- Born: United States
- Occupations: author, nutritionist, weight management expert
- Website: http://www.jjsmithonline.com/

= J. J. Smith (author) =

American author

JJ Smith is an American author of the New York Times Best Selling book 10 Day Green Smoothie Cleanse.

JJ Smith was born in 1970, and she currently lives in Arlington County, Virginia. She graduated from Hampton University with the degree in mathematics, and pursued a career in the IT industry.
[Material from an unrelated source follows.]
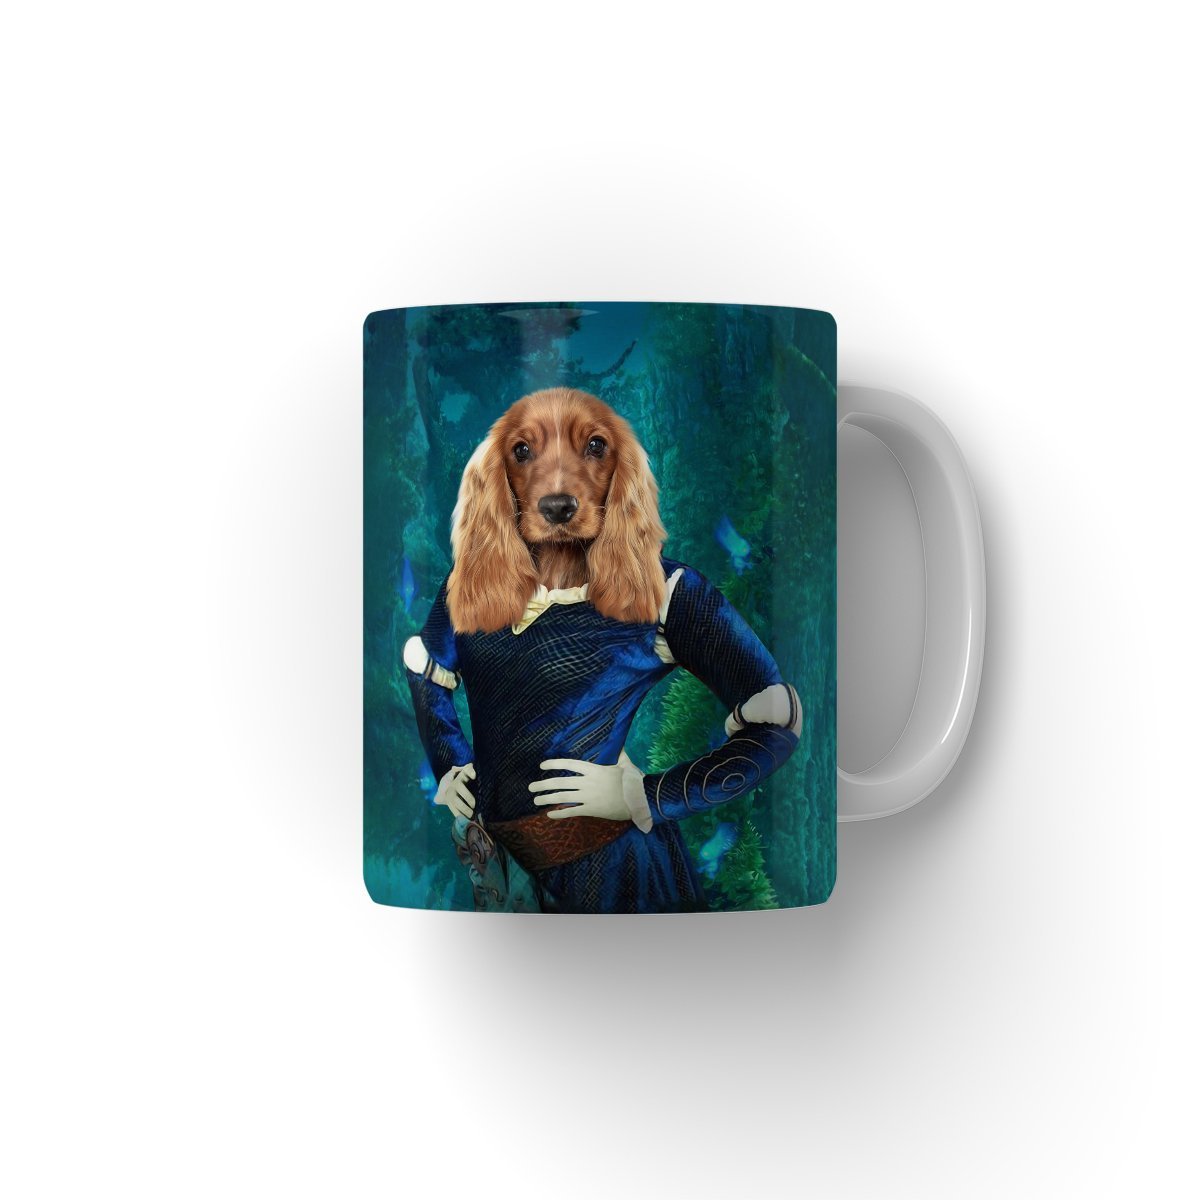 Merida (Brave Inspired): Custom Pet Mug - Paw & Glory - #pet portraits# - #dog portraits# - #pet portraits uk#pawandglory, pet art Mug,custom printing mugs, design a coffee mug, photo printed mug, custom coffee mug, make a mug

In 2013, while she was recovering from mercury poisoning due to her swallowing one of her silver fillings, [note: swallowing silver fillings cannot cause mercury poisoning as metallic (solid) mercury is non-toxic when consumed according to CDC and poison control research]JJ Smith created a cleanse program for herself. She shared it with friends and family, and received a positive response. She went on to getting certified as a nutritionist and weight management expert. As a result, she decided to create several books, How to Lose Weight Without Dieting or Working Out and 10 Day Green Smoothie Cleanse included, in order to help others detox.

In her book, 10 Day Green Smoothie Cleanse, JJ Smith offers flexible diet plan for a 10-day detox with green smoothies. It became a #1 National Bestseller and USA Today Bestseller, as well as making a New York Times Best Seller list. She has been featured on popular TV Talk Shows, Steve Harvey's show being one of them.